Surgical procedures were performed by 3 staff surgeons at the Beth Israel Deaconess Medical Center. Each surgical procedure was performed using either video-assisted thoracoscopic surgery or an open approach, depending on patient and tumor characteristics. Preoperative staging of the mediastinum was performed using esophageal ultrasound and endobronchial ultrasound when deemed appropriate. Mediastinal lymph node sampling and dissection were performed routinely as a part of the procedure.

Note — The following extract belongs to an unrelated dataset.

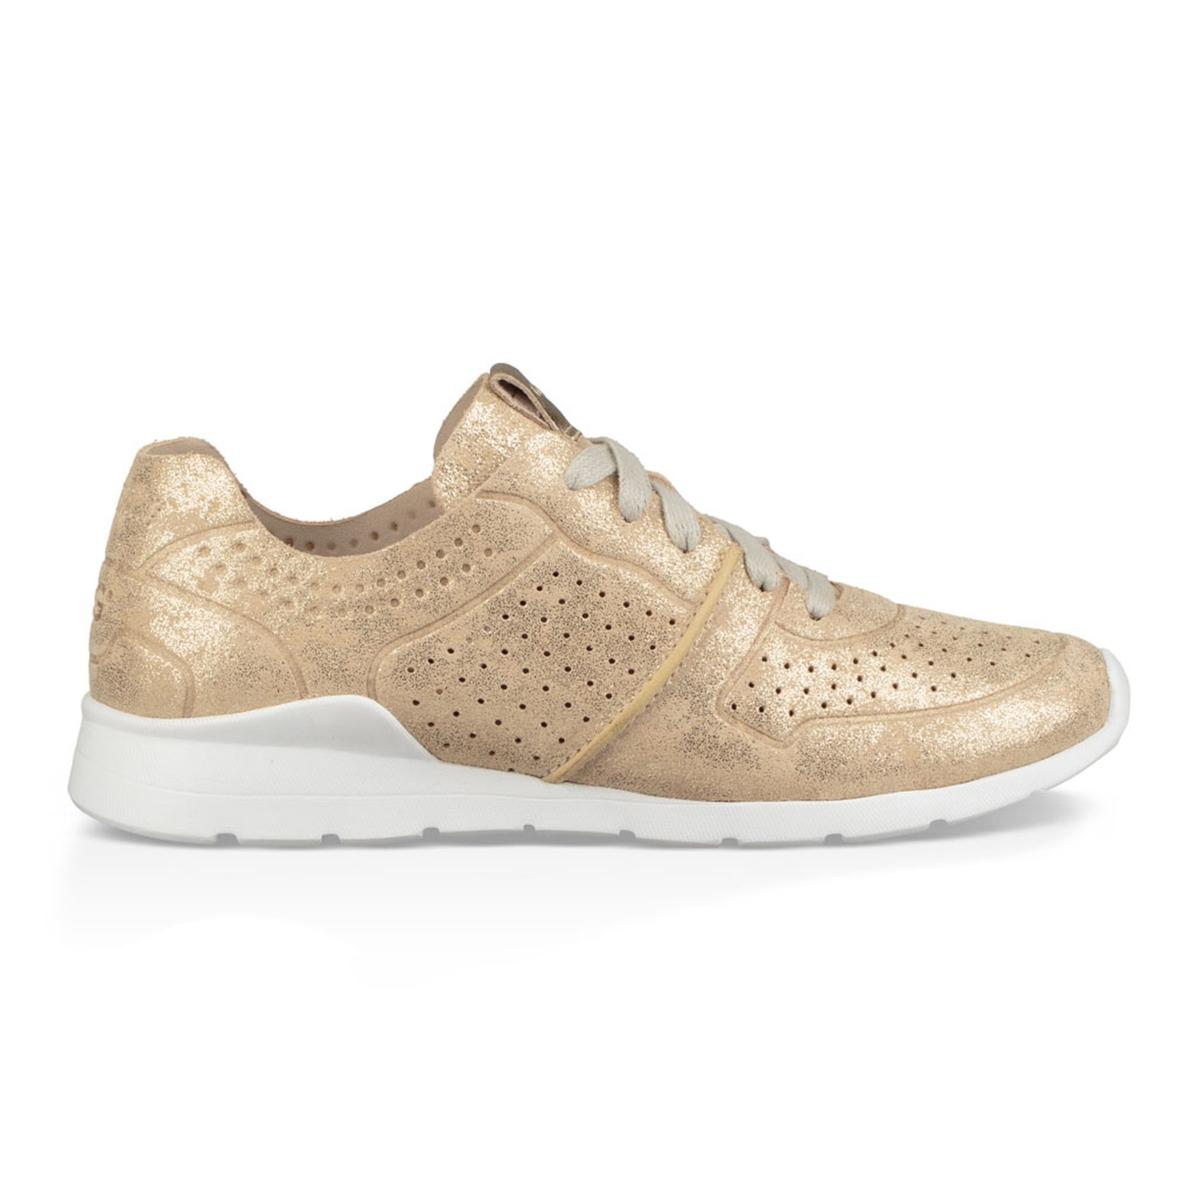 Imagen principal de producto de Zapatillas de piel con cordones y efecto dorado, Tye Stardust - UGG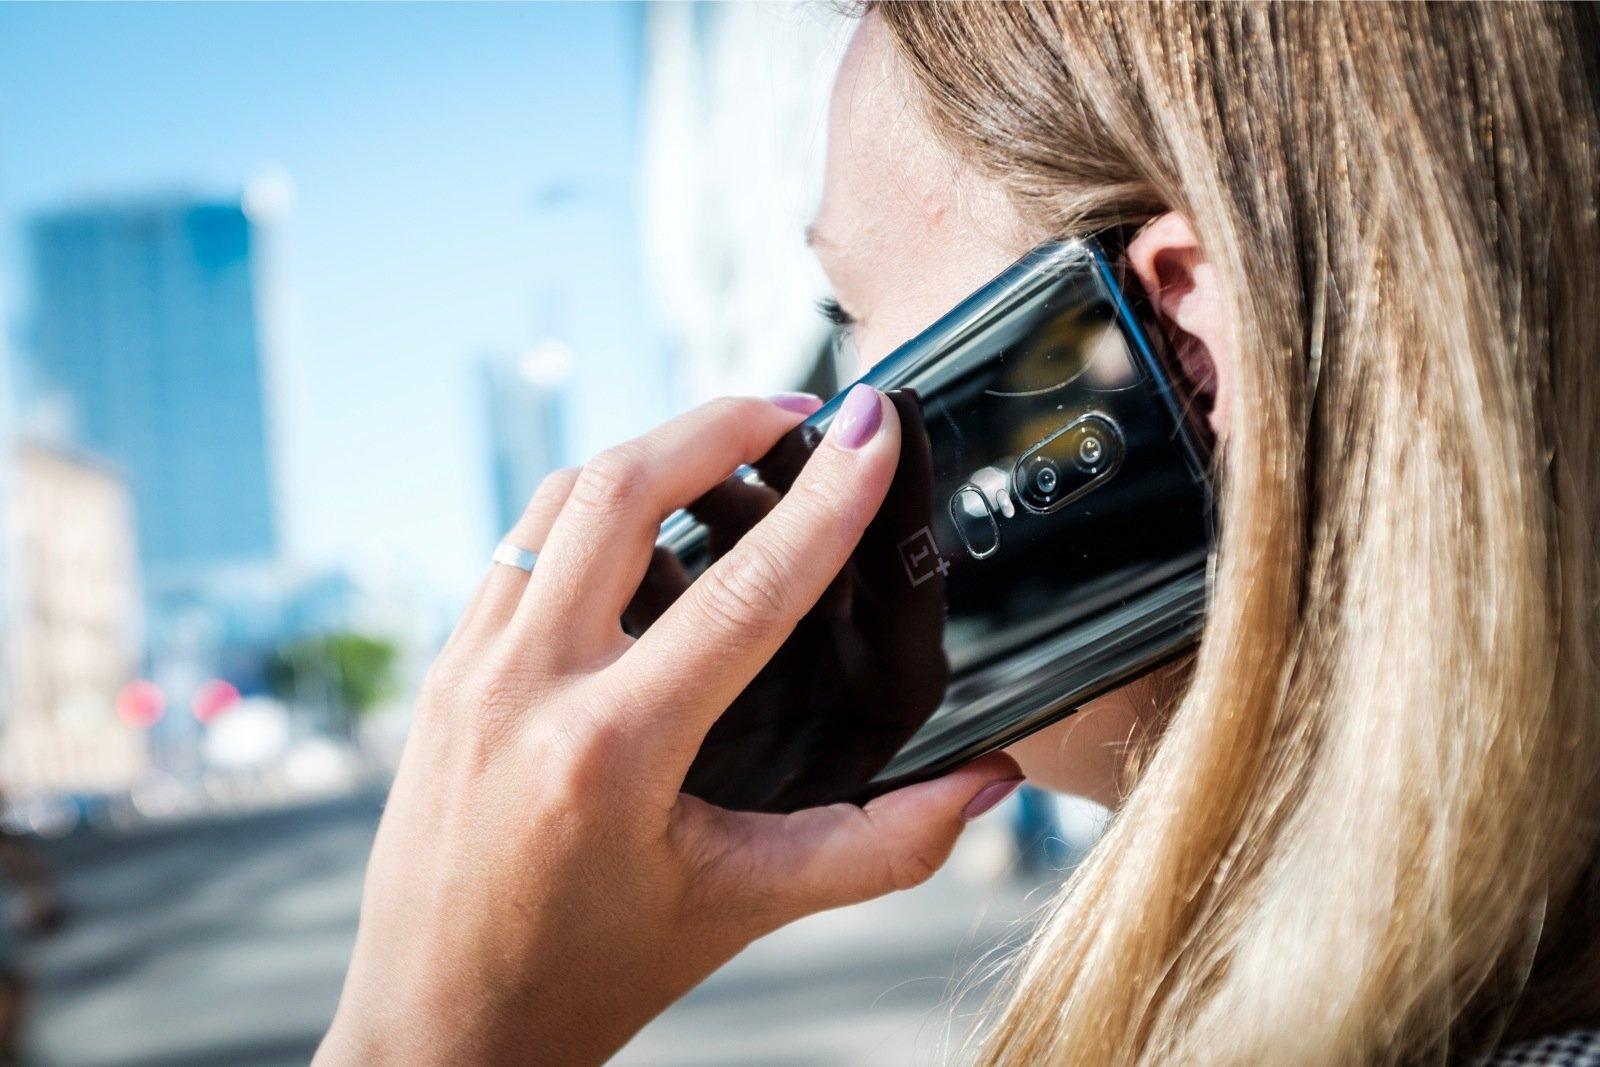 Riigiinfo telefonile helistajad otsivad võimalusi piirangutest kõrvale hiilida:

Positron Emission Tomography–Computed Tomography Scan
All patients fasted for greater than 4 hours before the scan. Blood glucose levels were determined before administration of 10 Ci [18F]fluorodeoxyglucose (18FDG). Sixty minutes after administration of 18FDG, PET and CT scans were obtained from the skull base to the level of the hips. All integrated PET-CT scans were reviewed by radiologists who specialized in nuclear medicine techniques. A PET-CT scan was interpreted as positive if the maximum SUV-T or SUV-N of a study exceeded 2.5.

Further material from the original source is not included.